The movie is definitely in there, but the secret sauce of BG3 is it's training future players. There are so, so many elements of BG3 that just teach you how to play D&D. Not quite like "regular" D&D certainly as it's a video game, but pretty darn close, close enough to make a BG3 player playing D&D for the first time WAY more comfortable with the terminology than someone coming in cold.
 


they're still celebrating the 50th anniversary, so playing tribute to Keep on the Borderlands is an obvious choice. They're also debuting a new form factor with the starter sets, with tiles for options to build your character - which sounds awesome - but best to do it with something that they're familiar

I'm 100% down with The Keep, but I think a box with BG3 sells better. Outside of our hobby the Keep doest have a fan base.
 

The movie is definitely in there, but the secret sauce of BG3 is it's training future players. There are so, so many elements of BG3 that just teach you how to play D&D. Not quite like "regular" D&D certainly as it's a video game, but pretty darn close, close enough to make a BG3 player playing D&D for the first time WAY more comfortable with the terminology than someone coming in cold.

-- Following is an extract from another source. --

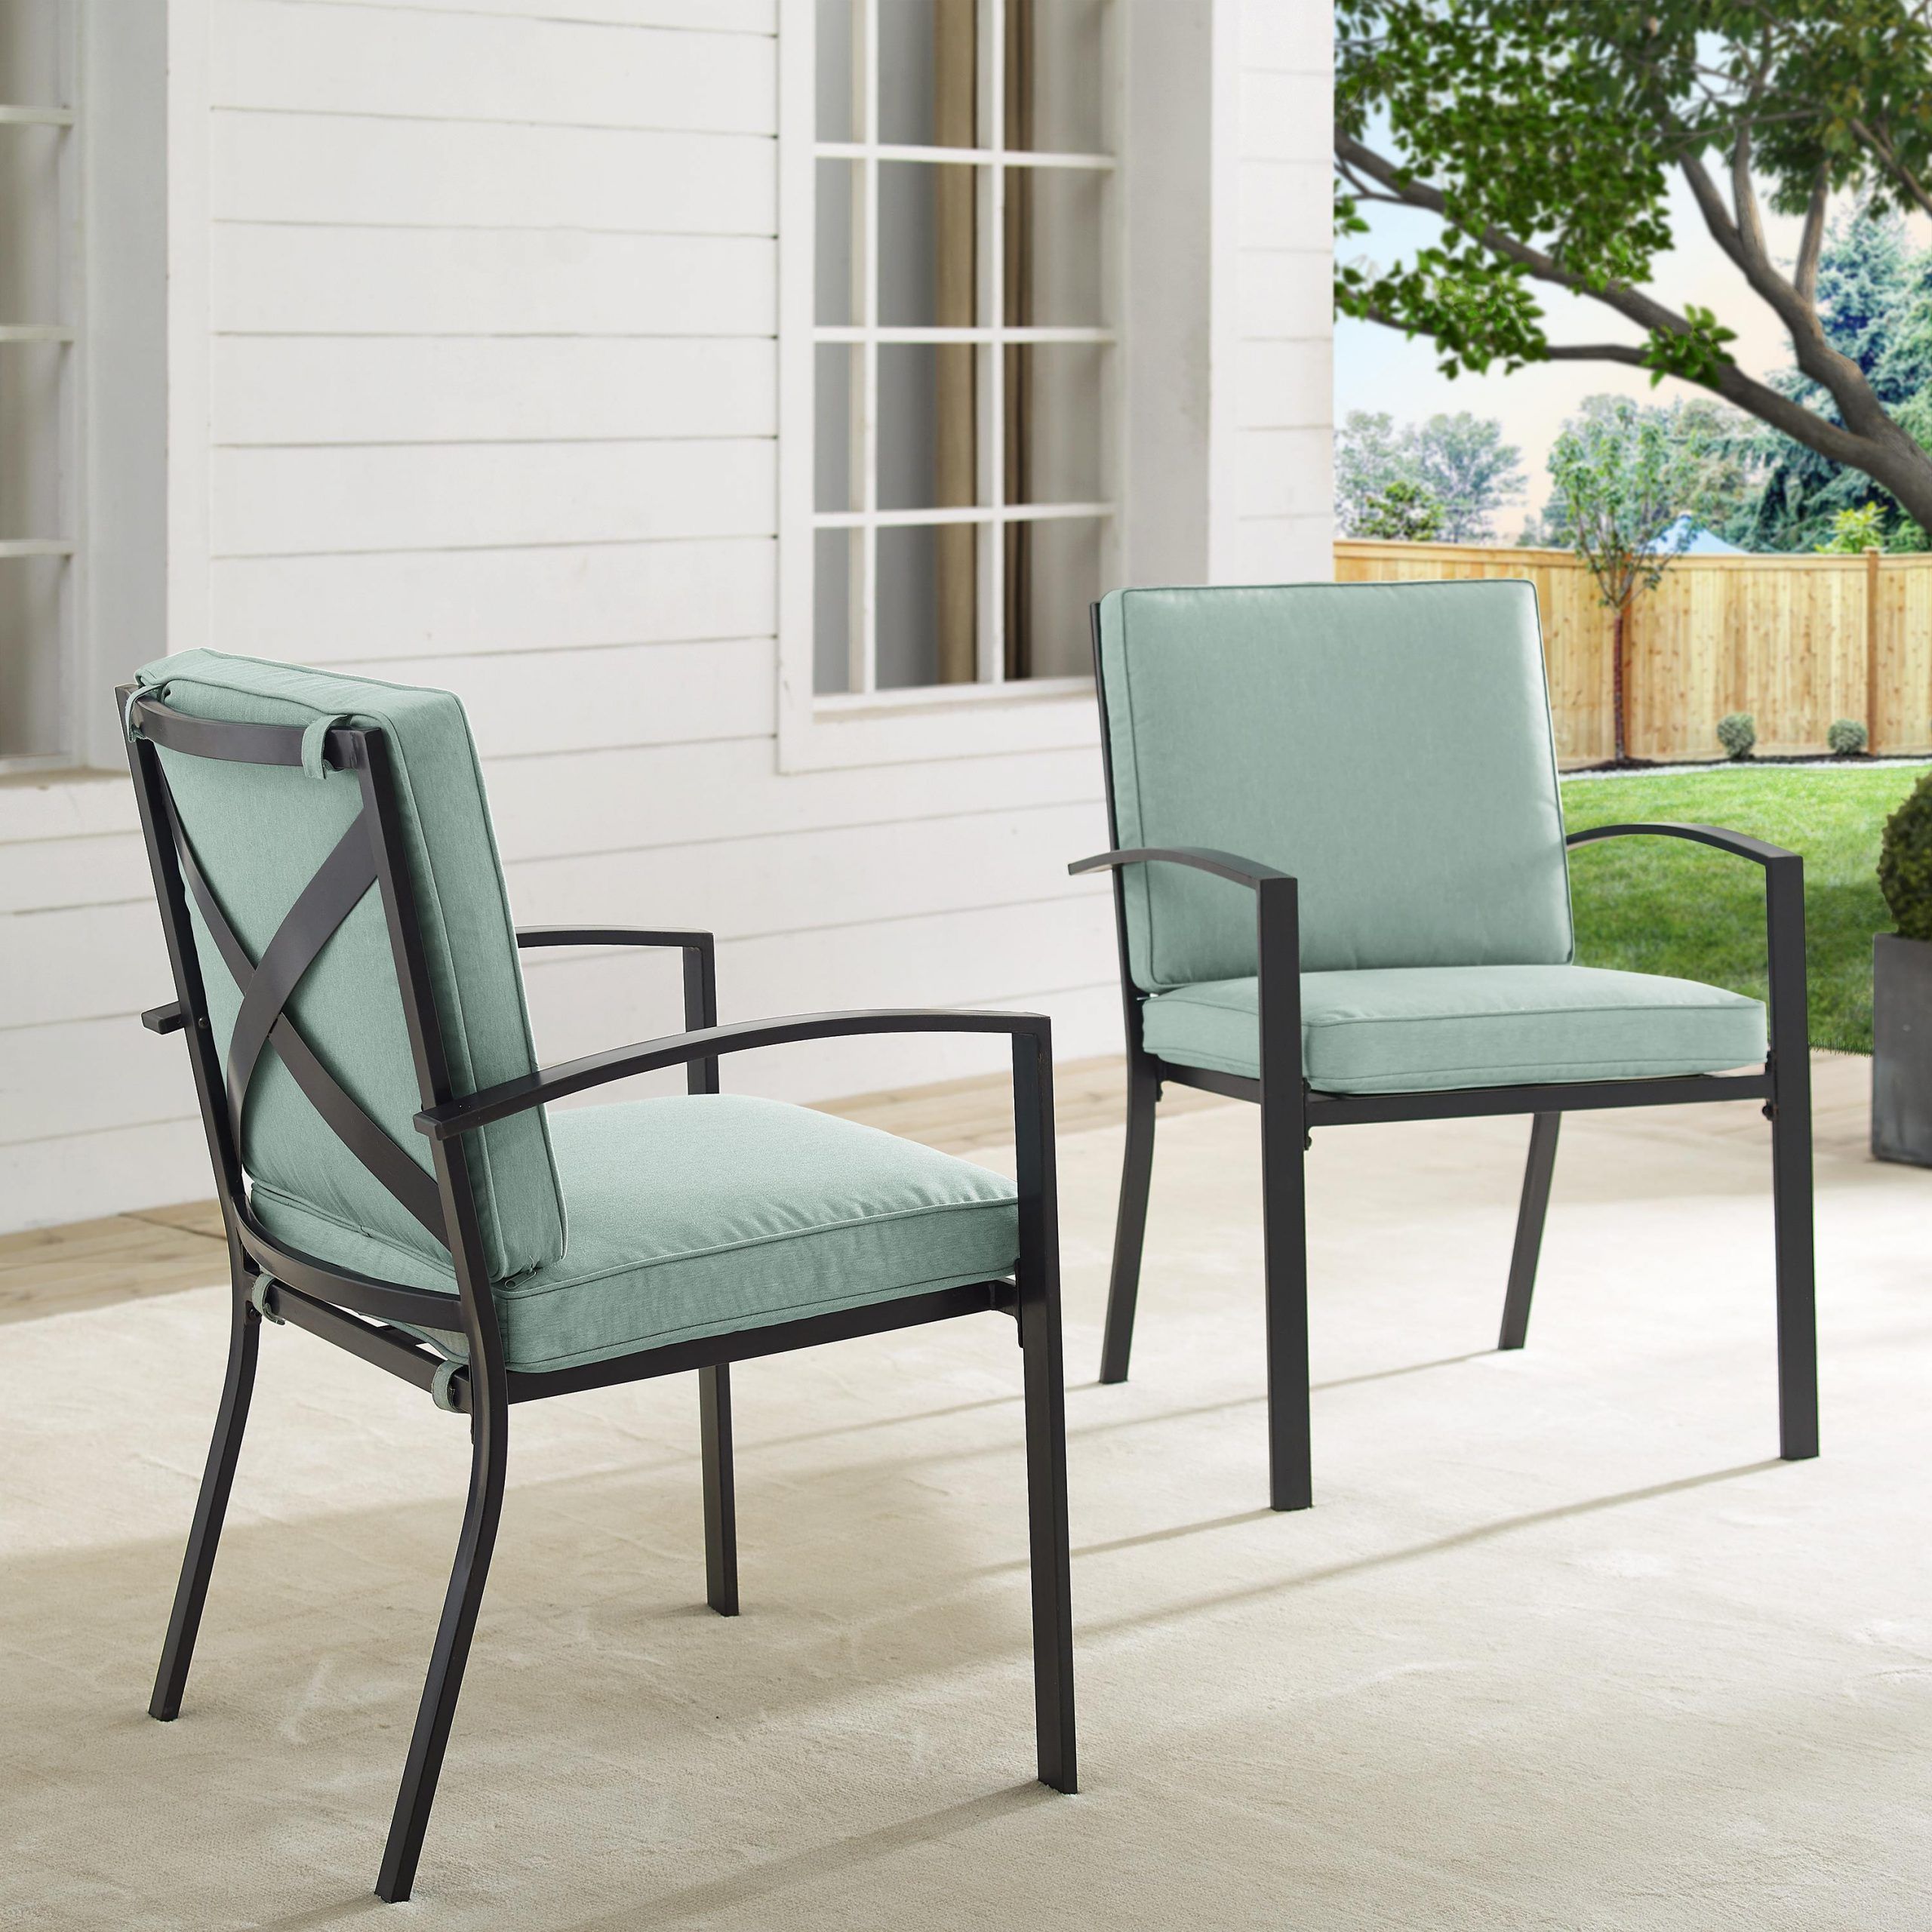 Crosley Kaplan 2pc Outdoor Dining Chair Set Mist/oil Rubbed Bronze – 2 Throughout Most Current Mist Fabric Outdoor Patio Sets (View 1 of 15)

I've never played BG3 but it would be pretty sweet if they built a way to send your character from BG3 to D&D Beyond. Then BG3 players could build a first level PC in BG3 and use it in a table top game.

Offcourse BG3 is now a edition behind.
 

I've never played BG3 but it would be pretty sweet if they built a way to send your character from BG3 to D&D Beyond. Then BG3 players could build a first level PC in BG3 and use it in a table top game.

Offcourse BG3 is now a edition behind.

New players won't be able to tell the difference really. To them, it'll just be 'that's how this translates to tabletop.'
 

The movie is definitely in there, but the secret sauce of BG3 is it's training future players. There are so, so many elements of BG3 that just teach you how to play D&D. Not quite like "regular" D&D certainly as it's a video game, but pretty darn close, close enough to make a BG3 player playing D&D for the first time WAY more comfortable with the terminology than someone coming in cold.

I'm running 3 groups now. Two of them are heavily newbie friendly.
Anecdotal over half the new players have played BG3 or are familiar with it.